= Beginning of Section =

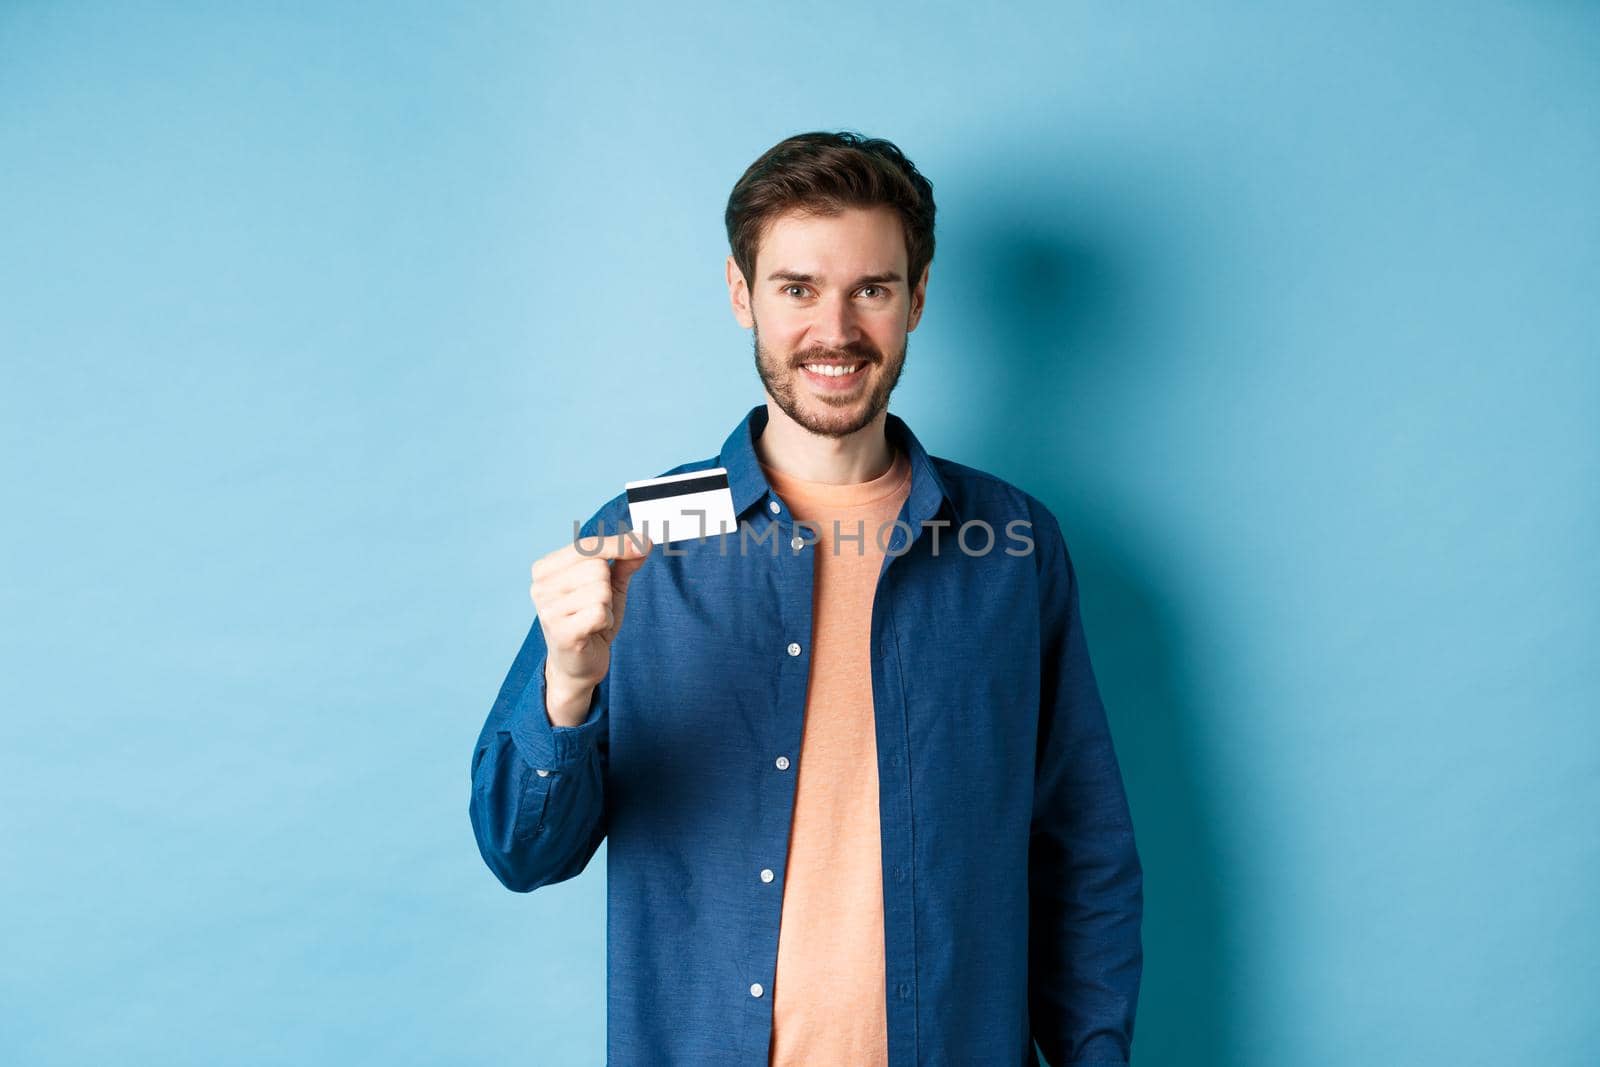 Handsome smiling guy showing plastic credit card and looking satisfied, standing on blue background.
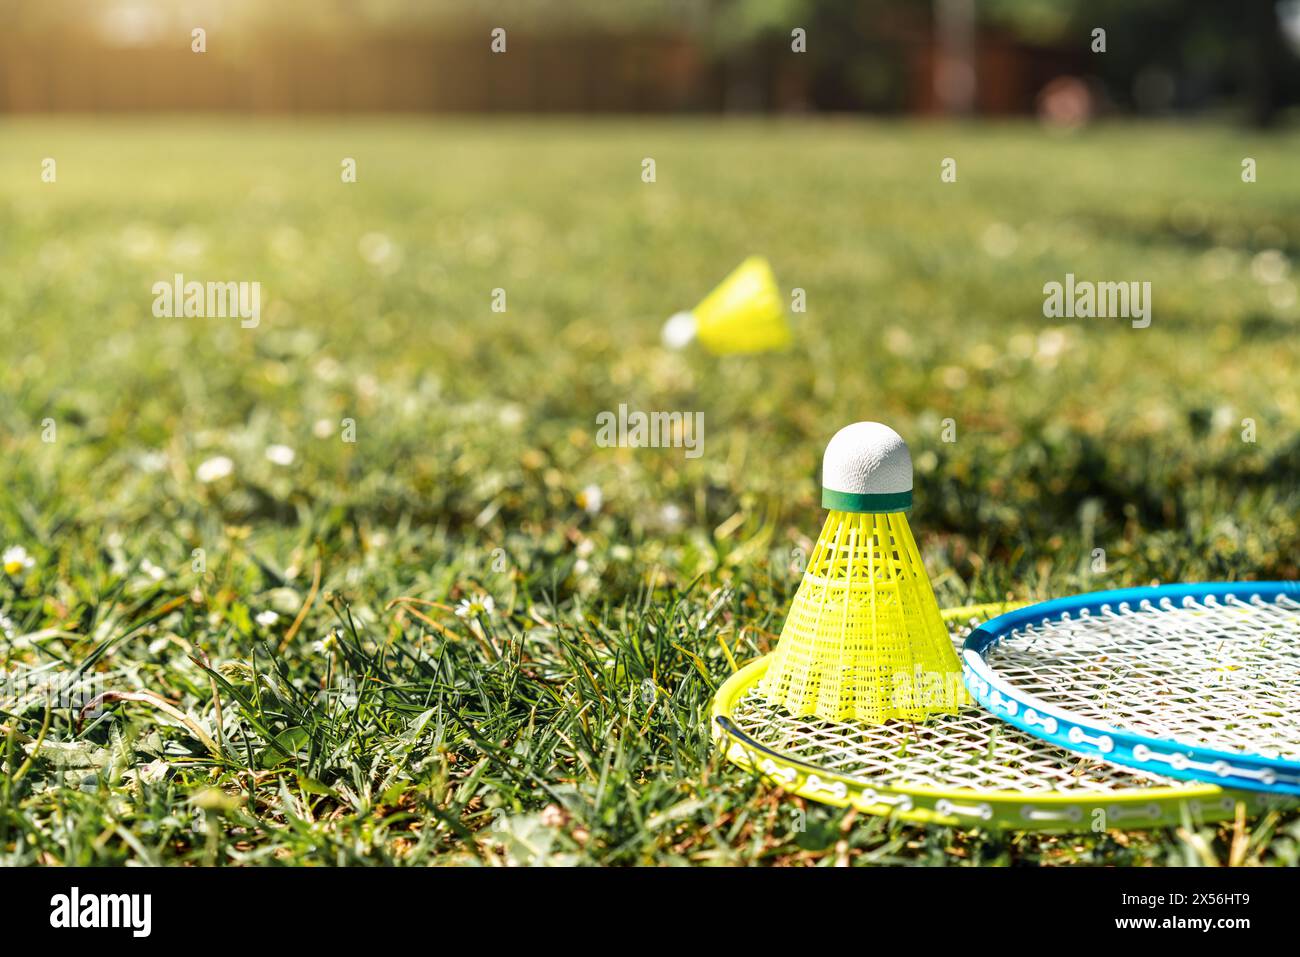 Two badminton rackets and shuttlecock on the green grass. Summer sports activity. Stock Photo
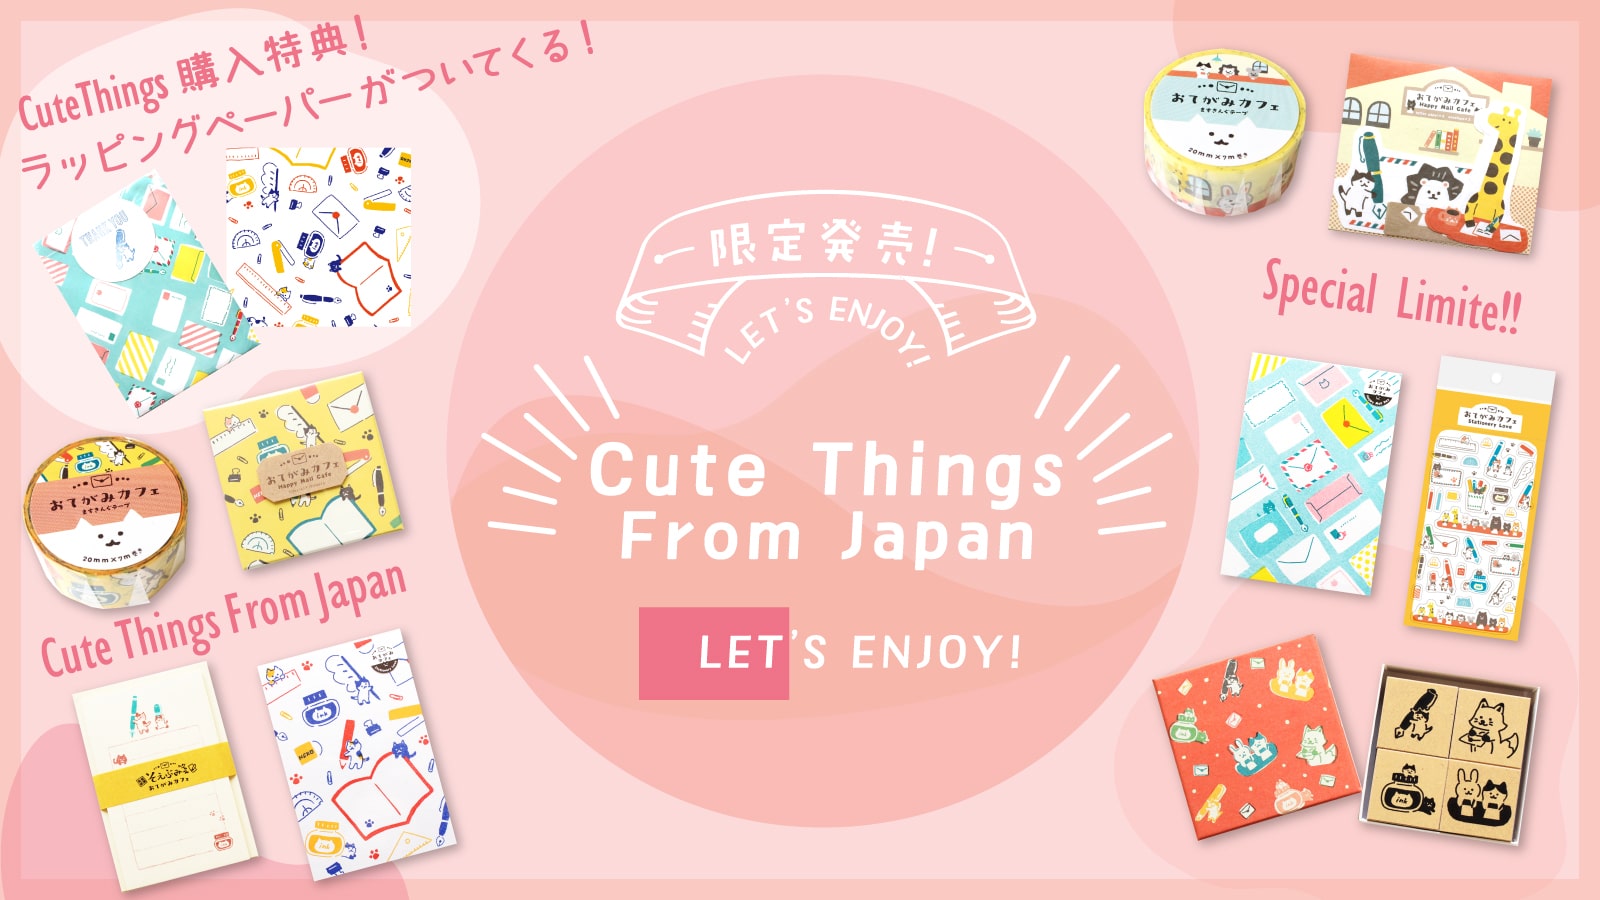 Cute Things from Japanコラボ商品のご案内
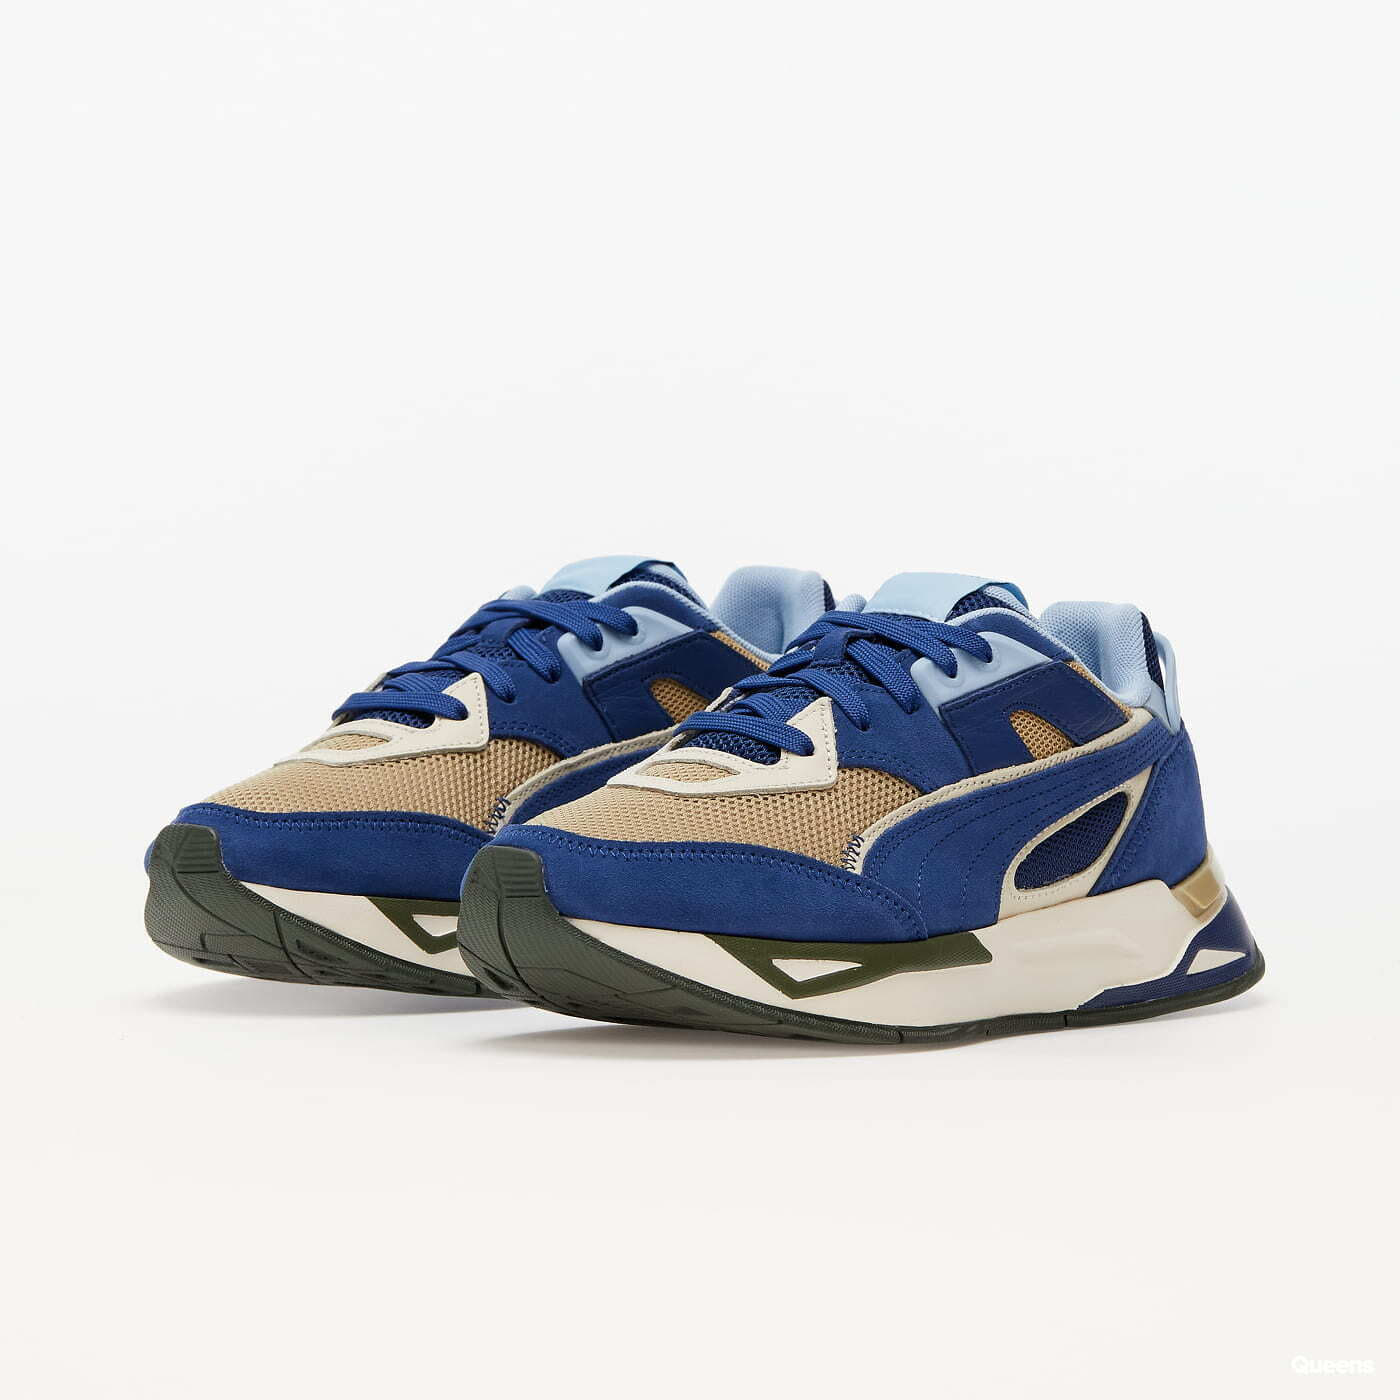 Women's sneakers and shoes Puma Mirage Sport KITSUNE blue depths-travertine
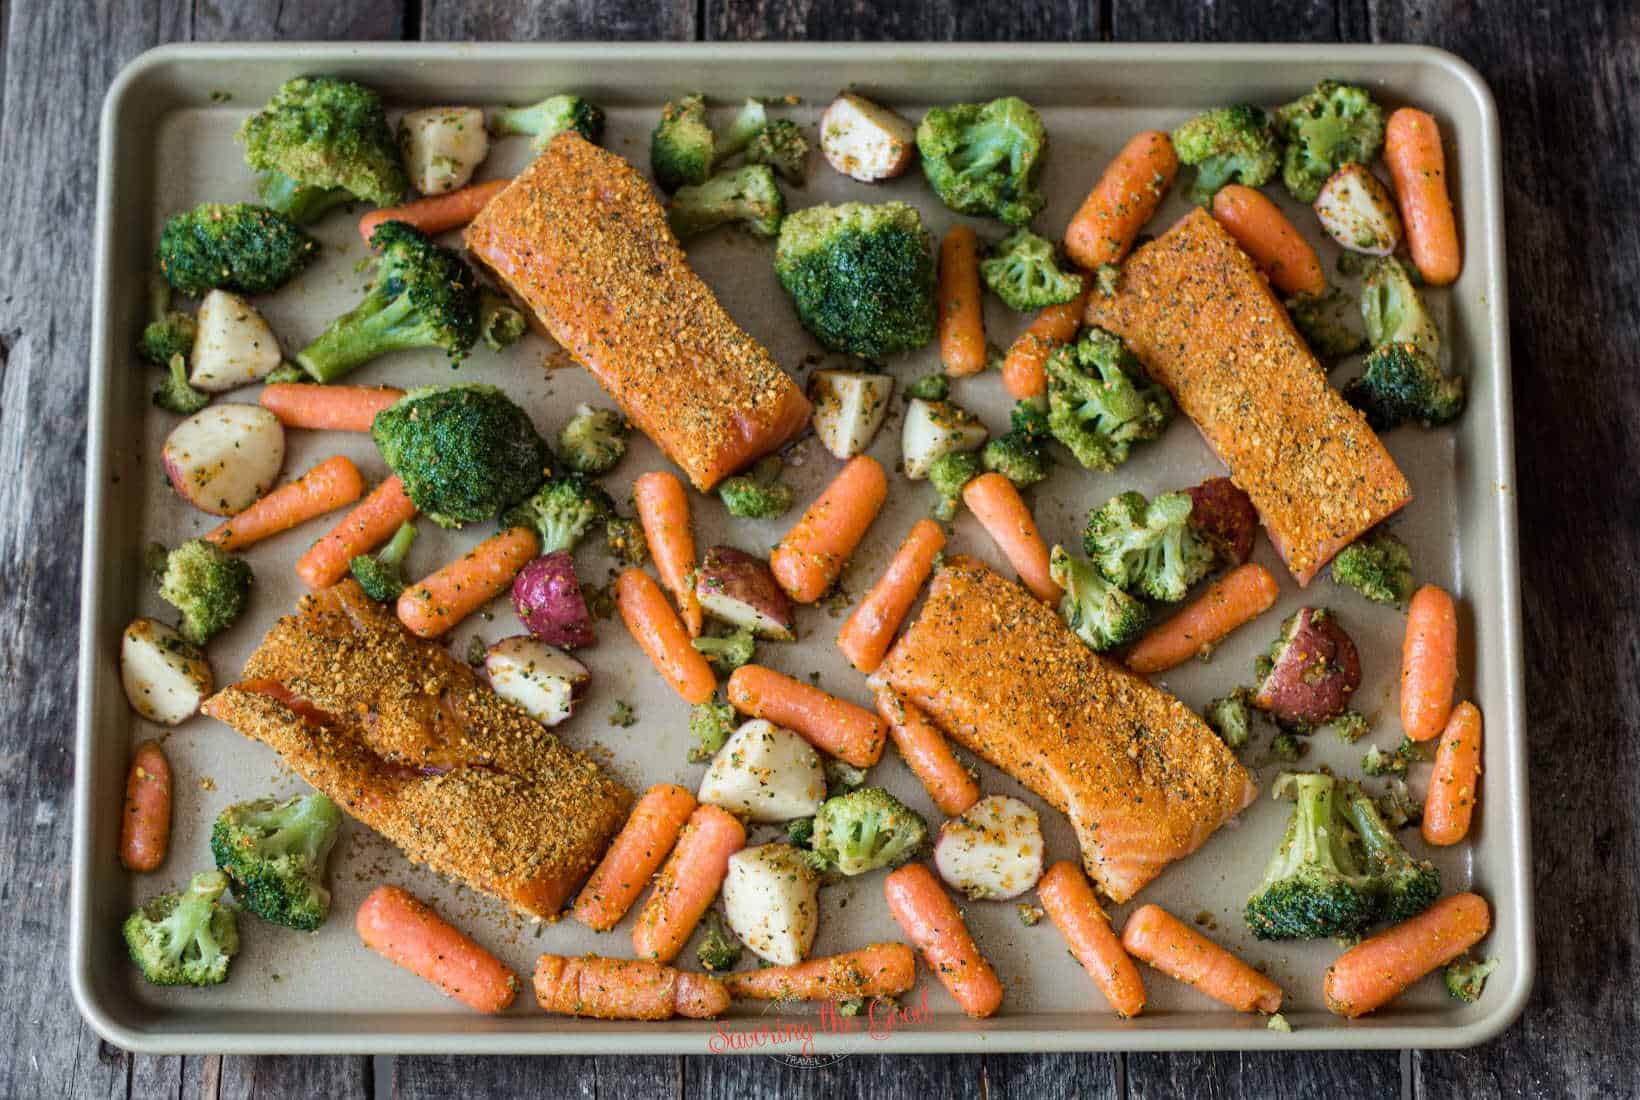 raw salmon and seasoned rw vegetables on a sheet pan for cooking.

= End of Section =

**Task directions:**
Please return exactly, and only, the lines from the one containing "Women's sneakers and" through the end of the records, with both end lines kept and every picture dropped.

**Response box:**
 Women's sneakers and shoes Puma Mirage Sport KITSUNE blue depths-travertine
 raw salmon and seasoned rw vegetables on a sheet pan for cooking.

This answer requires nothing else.